Короче, счет времени потерял, сам и не знает, сколько он у нее и пробыл, может, полчаса, может, час, а может, и все полтора. Выехал от нее как в мороке каком: уж не колдует ли матушка эта, — так даже подумалось ему. Дурман в голове. А что как монахи уже давно вернулись и почивают в монастыре, пока он их тут по переулкам да по домам выискивает?
Начал с Лазарева крестника, но там случился облом — в доме уже было темно, все спали, видимо, крестник “перепраздновал” именины своего крестного. Во всяком случае, он долго не выходил на стук, потом появился заспанный и плохо соображающий и огорошил Никифоровича, что Лазарь ушел от него один-одинешенек, но это было “давным-давно”. Никифорович поехал к моему дому, но и тот встретил его темными окнами, не оставлявшими никой надежды на Дионисия.
И все же Никифорович оставил машину у подножья холма и стал, цепляясь за кусты, карабкаться вверх, что в подряснике делать было категорически неудобно, а со стороны, быть может, и вовсе смешно. Однако вокруг никого не было, все возможные зрители уже или спали, или гуляли по другим углам Троицка, и Никифорович наконец добрался до цели. Он вошел в распахнутую калитку и тут же наткнулся на стоявшего буквально на карачках страшного всклокоченного бомжа. Тот старательно рылся в сугробе.

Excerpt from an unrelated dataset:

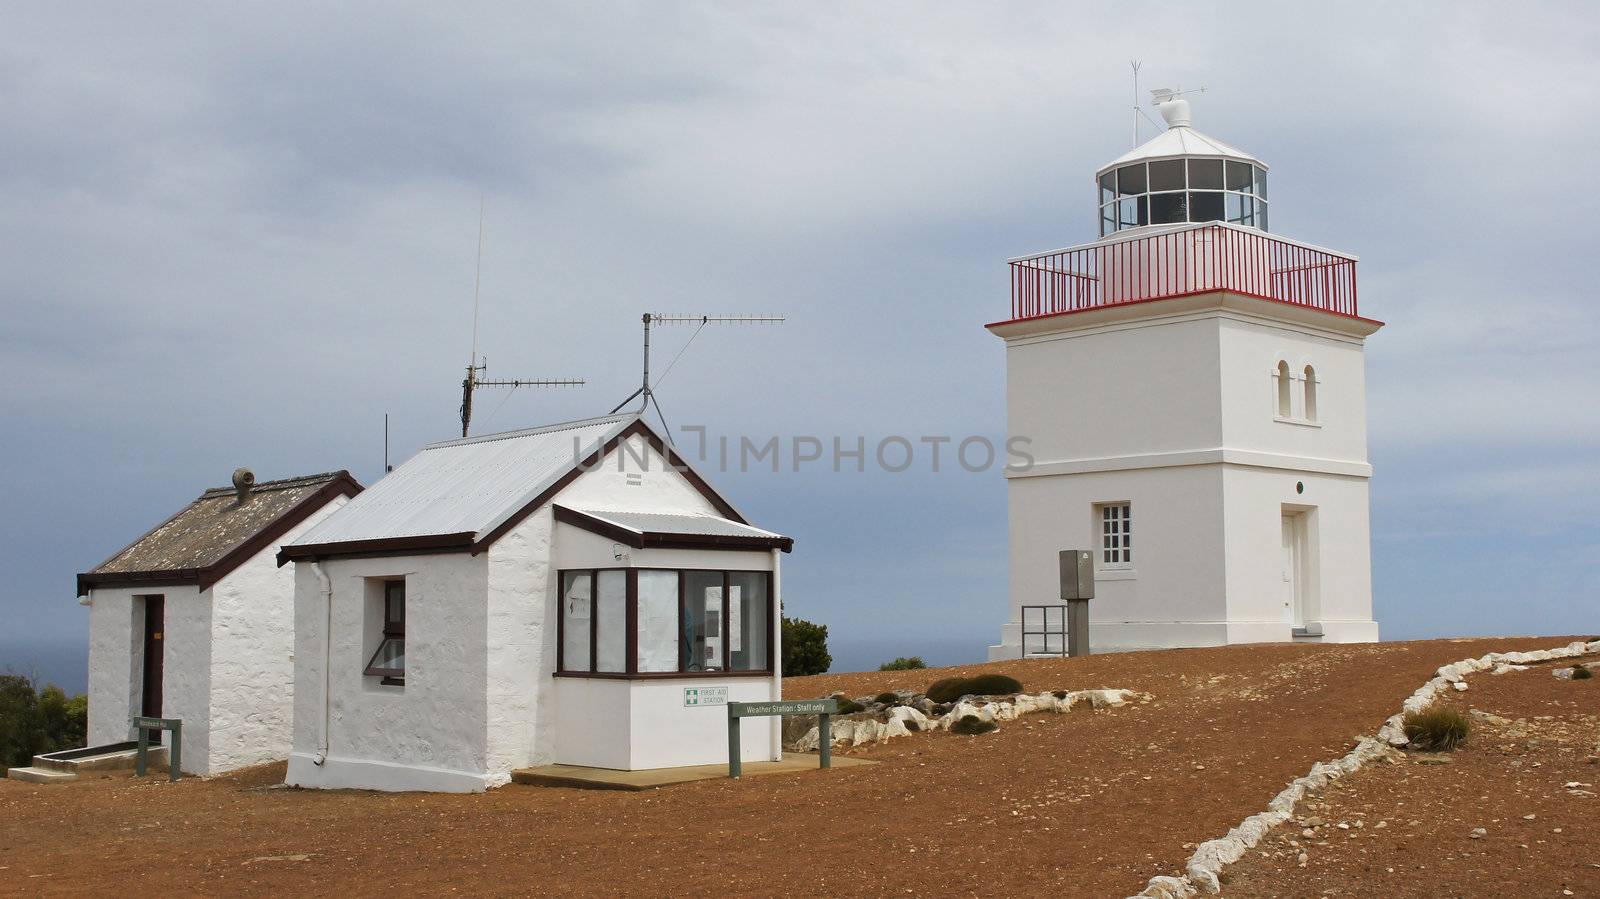 Lighthouse of Cape Borda, Kangaroo Island, Australia

Увидев перед собой величавого старика с благодушным лицом, похожего на Деда Мороза, Ваня вскочил на ноги и неожиданно сказал:
— Снега в этом году было мало. Для посевов — плохо. А теперь, я смотрю, много. Навалило. Вон — сугробы. А для посевов — хорошо. Зима холодная. Мороз. Вот.
Никифорович стоял перед ним, кивал, соображая, что встретился один на один с братаном, который только что что-то зарывал в снегу, — может, оружие, может, деньги, а может — и того, останки жертв, а где-то здесь его дружки, а где-то здесь, быть может, и монахи, Дионисий-то ведь точно сюда пошел, а ну как они его — Господи, даже и предположить жутко. Что ему в снегу-то нужно, зачем он говорит, что много снега — это хорошо, для чего, собственно, хорошо? А — следы заметать, улики закапывать: чего роет? Руки красные огромные, как две снежные лопаты раскинул, страшный, заросший, на человека почти и не похож, зубы заговаривает — про посевы…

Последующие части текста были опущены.